I have the 6020 projecting on a Jamestown 120" screen. At first I had it 12 feet back, then changed where I wanted it and it is now about 15 feet back. I honestly could not tell a difference in picture quality. There are others here that are way more knowledgeable than me though. What size image are you projecting? Not sure how different our throw distances are either I would have to check Epsons site.


----------



## Yiannis1970 (Sep 2, 2012)

It is a common attitude not to push projector lens at its limits using the whole range of zoom in order to avoid probable aberration and distorsions. Entry level models are not equiped with Konica Minolta lenses, so it's wise to go easy on them. On the other hand, if you don't notice any image degradation, you can live happily with Epson at this distance.


----------



## Dream Theater (Sep 14, 2014)

Yiannis1970 said:


> It is a common attitude not to push projector lens at its limits using the whole range of zoom in order to avoid probable aberration and distorsions. Entry level models are not equiped with Konica Minolta lenses, so it's wise to go easy on them. On the other hand, if you don't notice any image degradation, you can live happily with Epson at this distance.
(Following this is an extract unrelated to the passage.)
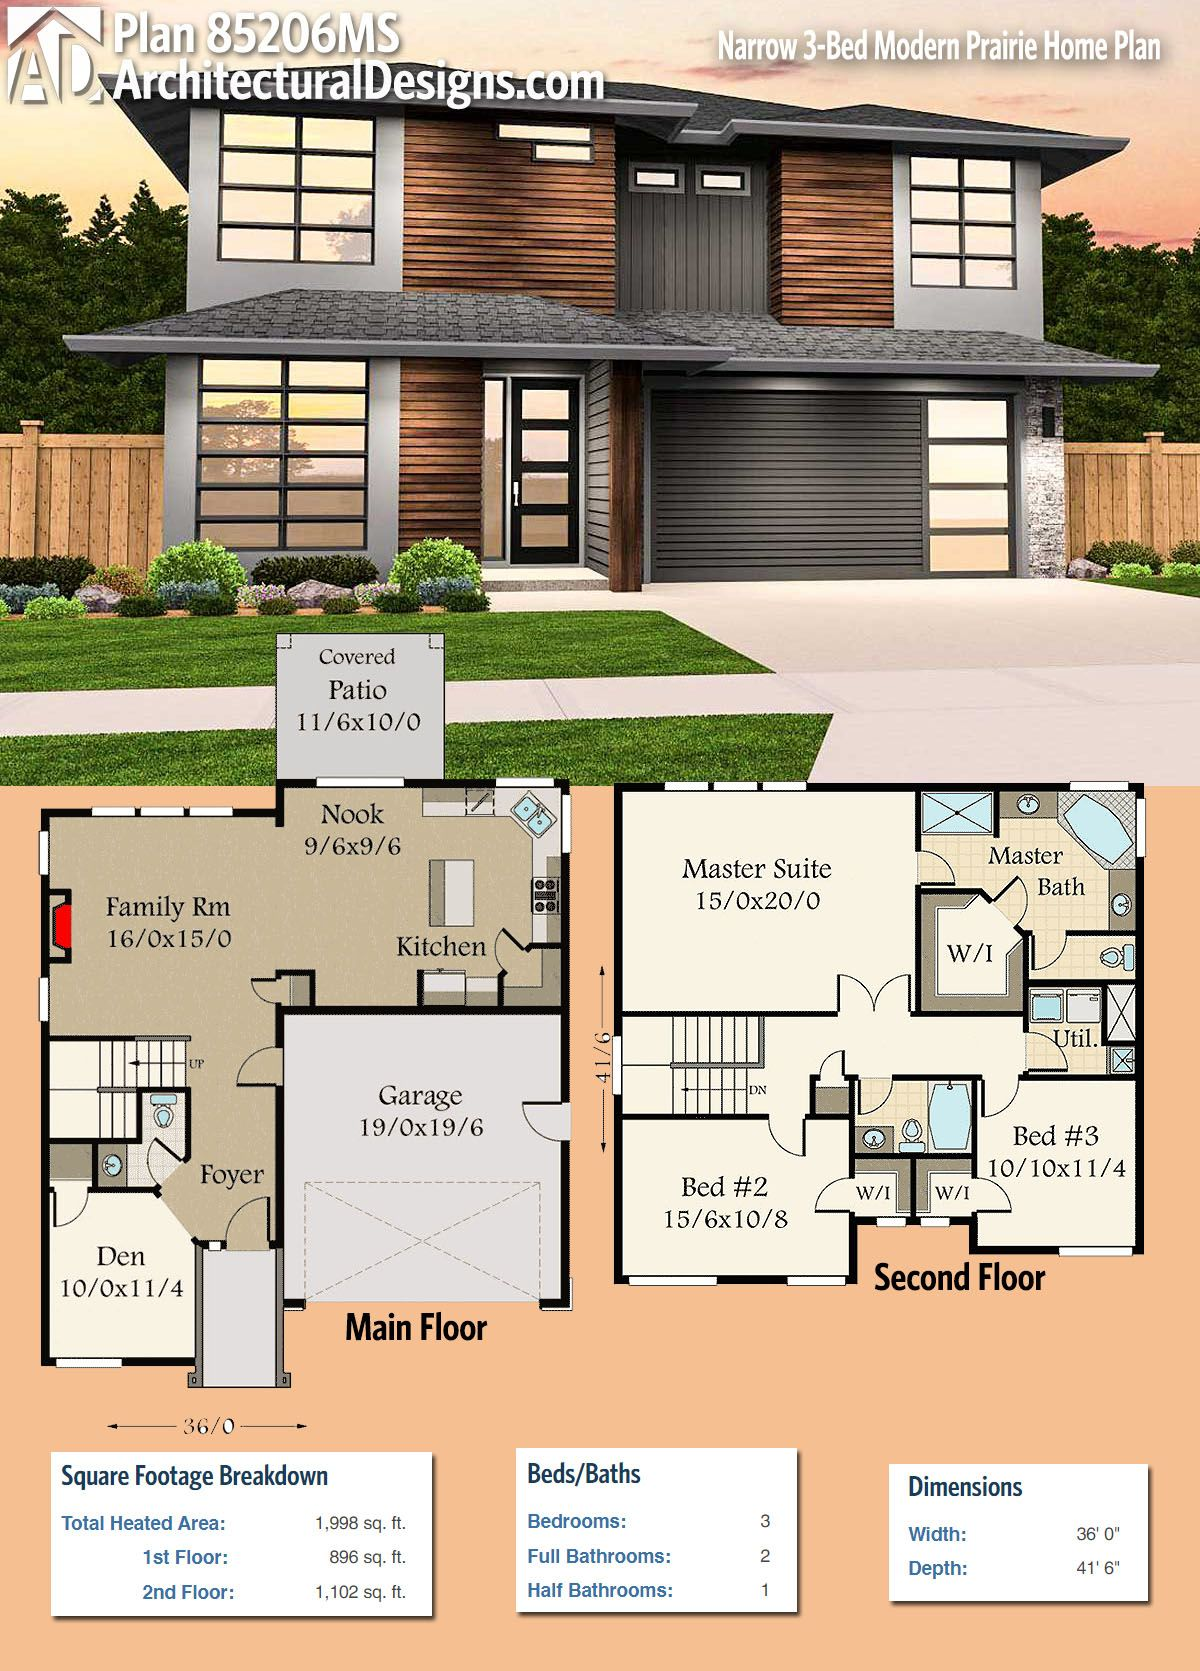 Plan 85206MS Narrow 3Bed Modern Prairie Home Plan Modern house

I will be projecting on a 130" screen


----------



## rambocommando (Aug 28, 2014)

Something you'll have to keep in mind too is that the image brightness will increase obviously, and you'll have to make sure that all 130" of the screen are going to be filled. I would assume the calculation from project central are accurate


----------



## Dream Theater (Sep 14, 2014)

rambocommando said:


> Something you'll have to keep in mind too is that the image brightness will increase obviously, and you'll have to make sure that all 130" of the screen are going to be filled. I would assume the calculation from project central are accurate


The main reason I want to move the projector forward is to have more floor room for the kids to sit without affecting the throw. The brightness would be a bonus. My room is also in a basement and light is not a factor.


----------